Fraud charges stayed against bankrupt Nunavut taxi operator
Crown may choose to revive prosecution within one year

Documents filed at the Nunavut Court at Justice show that Crown lawyers have stayed a fraud charge that Rankin Inlet taxi operator David Wiseman had been facing. The Aviva insurance company had alleged that Wiseman had submitted false documents to support an insurance claim. (FILE PHOTO)
Crown lawyers have stayed a long-standing fraud charge against Rankin Inlet taxi operator David Wiseman with only weeks to go before a trial by jury was scheduled.
According to documents filed with the Nunavut Court of Justice in Iqaluit, Crown prosecutor Shannon O’Conner filed paperwork on Dec. 30 that stays one count of fraud that Wiseman had been facing.
To “stay” a charge is a legal term for discontinuing a prosecution of an alleged act.
But it’s not the same as complete withdrawal of a charge.

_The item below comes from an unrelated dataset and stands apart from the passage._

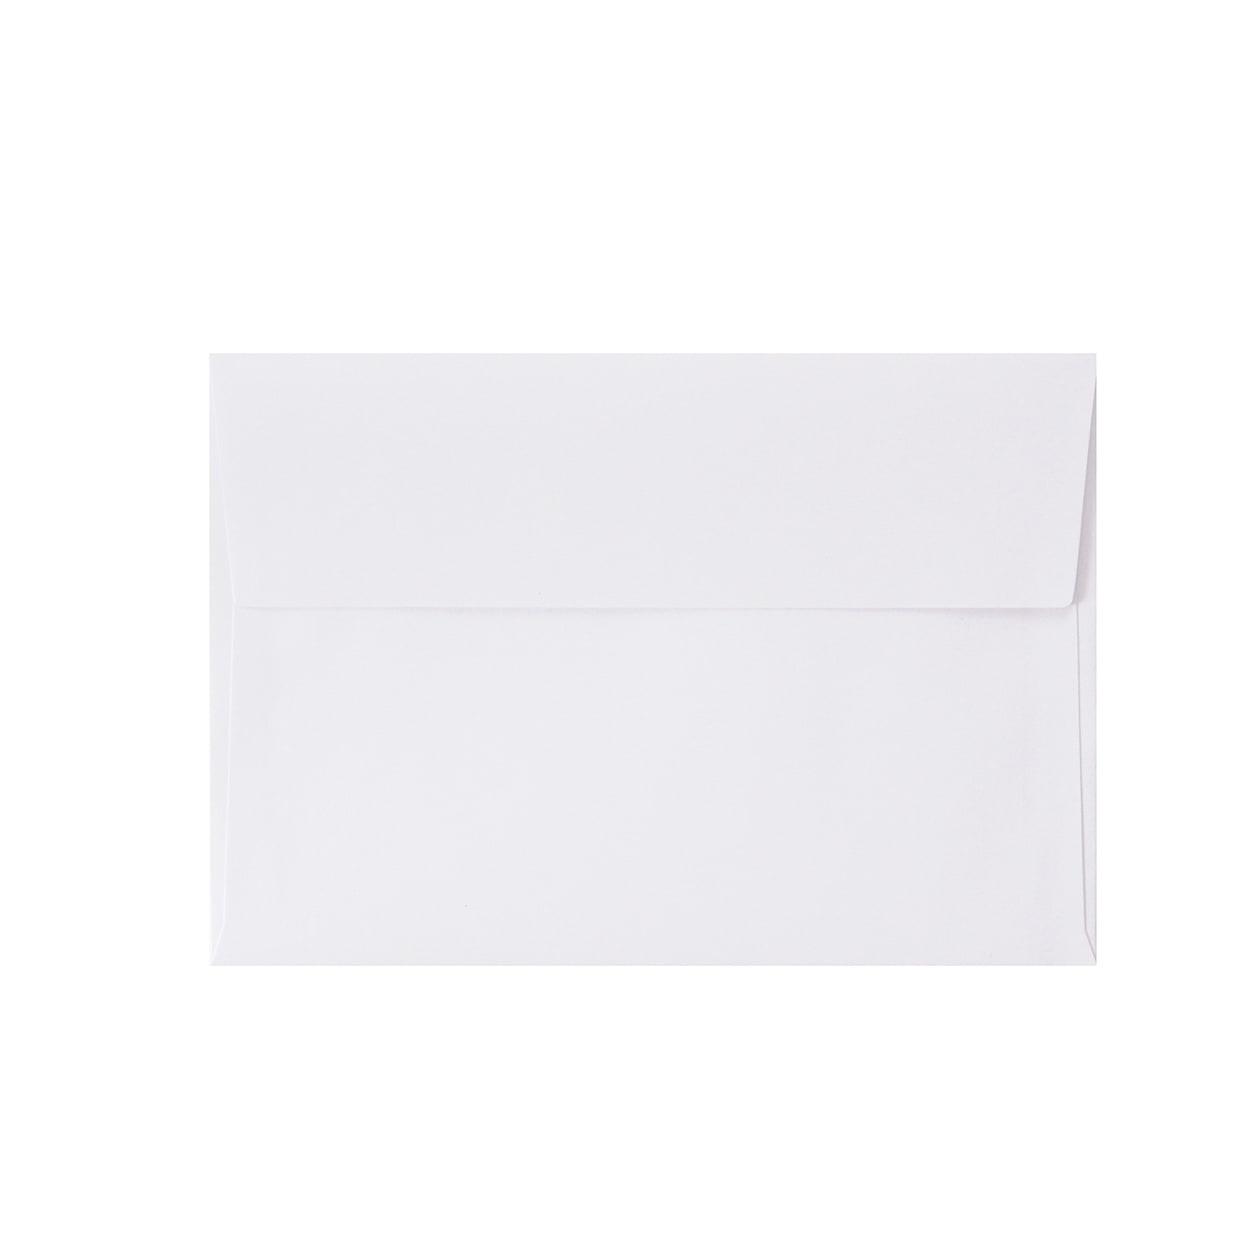 洋2カマス封筒 上質カラー ホワイト 90.7g

In a stay of proceedings, lawyers have up to a year to revive a prosecution.
Wiseman, the former owner of S&G Taxi Co. in Rankin Inlet, was accused of one count of committing a fraudulent act, under section 380(1)(a) of the Criminal Code.
That charge replaced two earlier counts of falsifying documents and using misleading receipts laid against Wiseman in 2015, stemming from allegations that Wiseman filed bogus insurance claims with Aviva Canada in 2013 after a fire at his garage.
But further review of potential evidence by the RCMP, at the request of the Crown, failed to turn up a reasonable prospect for conviction, the Public Prosecution Service of Canada’s Nunavut office confirmed to Nunatsiaq News, Jan. 11.
The alleged fraudulent claims in question were valued at over $50,000.
Wiseman’s trial by jury was scheduled to take place in Rankin Inlet on Jan. 29.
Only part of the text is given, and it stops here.